Он говорит: «И так прохожу». А зачем так ходить? Ноге больно.

Он всячески старается услужить Лиде Поливановой, очень старается. На огороде всегда пристроится около нее и yж львиную долю работы возьмет на себя. Очень боится, как бы кто не приметил. Коломыту он любит страстно и все готов для него сделать.


Вышниченко. Детдом за детдомом. Ни об одном ничего де рассказывает – не помнит, все слилось в одно серое пятно. Ни обиды, ни ласки – тусклота. Но это очень плохо, такая ровность хуже всякой беды, глубину этого несчастья тоже трудно измерить.

У Зины Костенко отец умер давно. Мать вышла замуж за другого и уехала в Киев, а Зину оставила одну. Ее пристроили в детдом (наш – третий по счету). Она учится плохо. О людях говорит мстительно, с недоверием. Она единственная из всех сказала, что Оля Борисова правильно сделала, что ушла: «И я бы ушла. Что ж такого? До нас нет никому дела, а почему мы должны больше всех стесняться?» Для себя она решила: не стесняться! Она готова всех растолкать локтями. Удобное место в спальне, новое платье, поездка в криничанское кино – упаси бог урезать ее хоть в чем-нибудь.

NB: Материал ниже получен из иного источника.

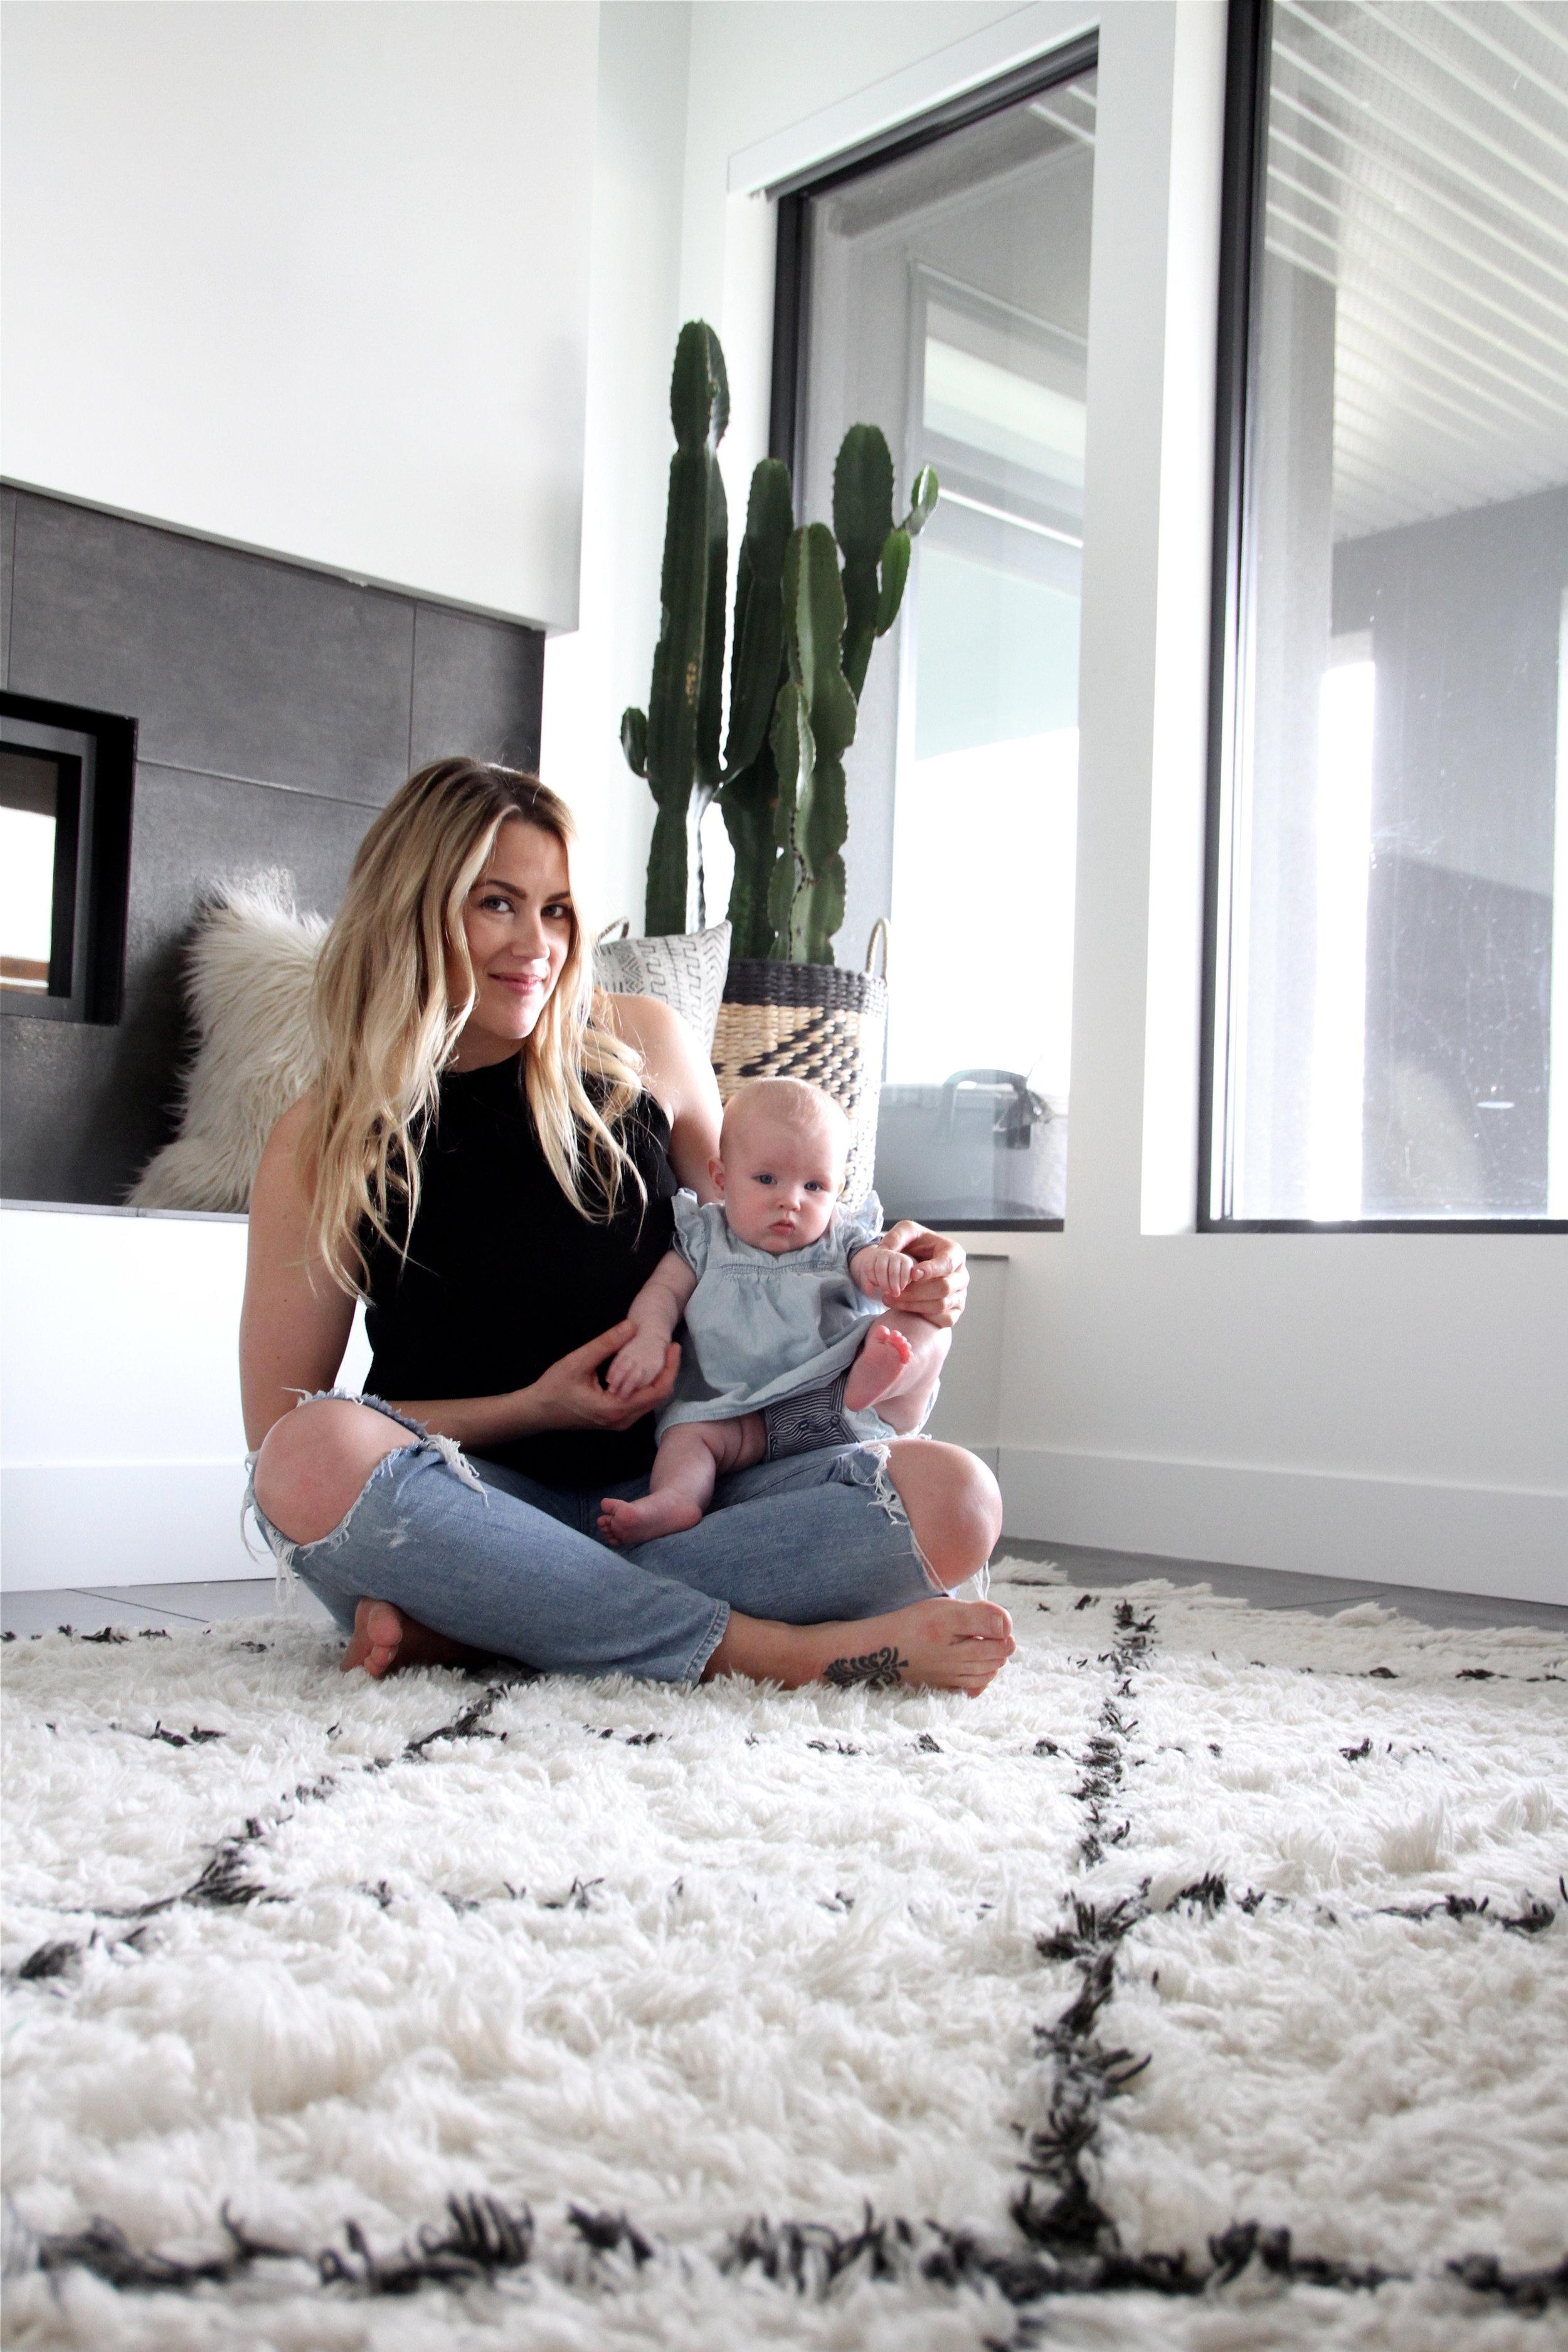 Baby & Body: 4 Month Update

Семен говорит: неважно, что у них в прошлом. Как же неважно? Я понимаю – ворошить нельзя, спрашивать нельзя; но если знаешь вот про Зину, например, что у нее в прошлом, ведь лучше понимаешь и не тронешь там, где болит. И понимаешь, что эта ее жадность – не от жадности, а от обиды. От желания хоть чем-то вознаградить себя за потерю – трудную, непоправимую.


Лето 1936 г. Шупика премировали!

– Галина Константиновна, – сказал он, – спрячьте рубаху к себе. Пускай у вас будет.

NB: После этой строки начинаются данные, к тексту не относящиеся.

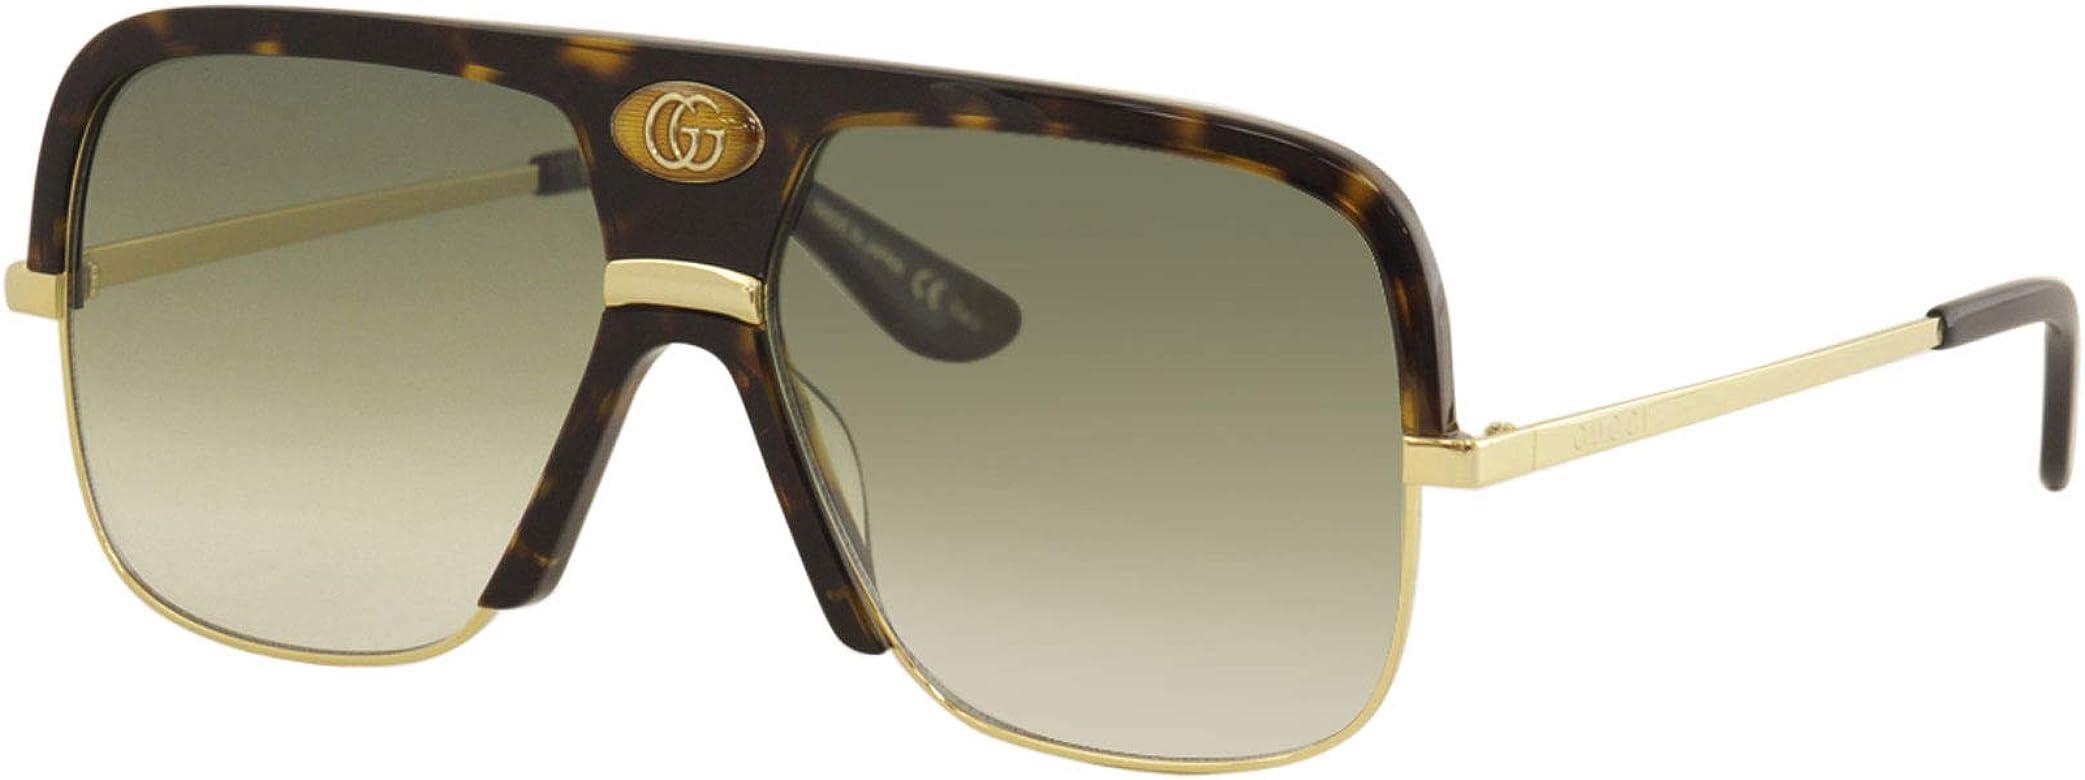 174bcd7fe17f Amazon.com: Sunglasses Gucci GG 0478 S- 002 HAVANA/GREEN GOLD: Clothing

Я понимаю: он хочет, чтоб всякую минуту можно было полюбоваться на подарок, а если будет лежать у меня, а не в кастелянской, всегда можно взглянуть. Конфеты свои он роздал девочкам все до одной: положил у приборов к ужину. Всем по конфете, Лиде – две…

А она ничего не замечает.

Когда Федя лежал больной, Шупик с такой грустью смотрел, как она ухаживает за Федей. Он так хотел бы оказаться на Федином месте: он болел бы, а Лида бы о нем заботилась. Но к Феде он тоже хорошо относится и жалеет его сейчас.


Что у них там произошло – у Якушева с Семеном? Если Витя не хочет, чтоб я знала, расспрашивать не нужно. Но до чего же мне хочется знать, прямо беда. Когда я бываю в Старопевске, непременно захожу на Киевскую улицу, там живет Марья Григорьевна – тетя Якушева. Она всегда радуется мне: «Так приятно поговорить с культурным человеком!»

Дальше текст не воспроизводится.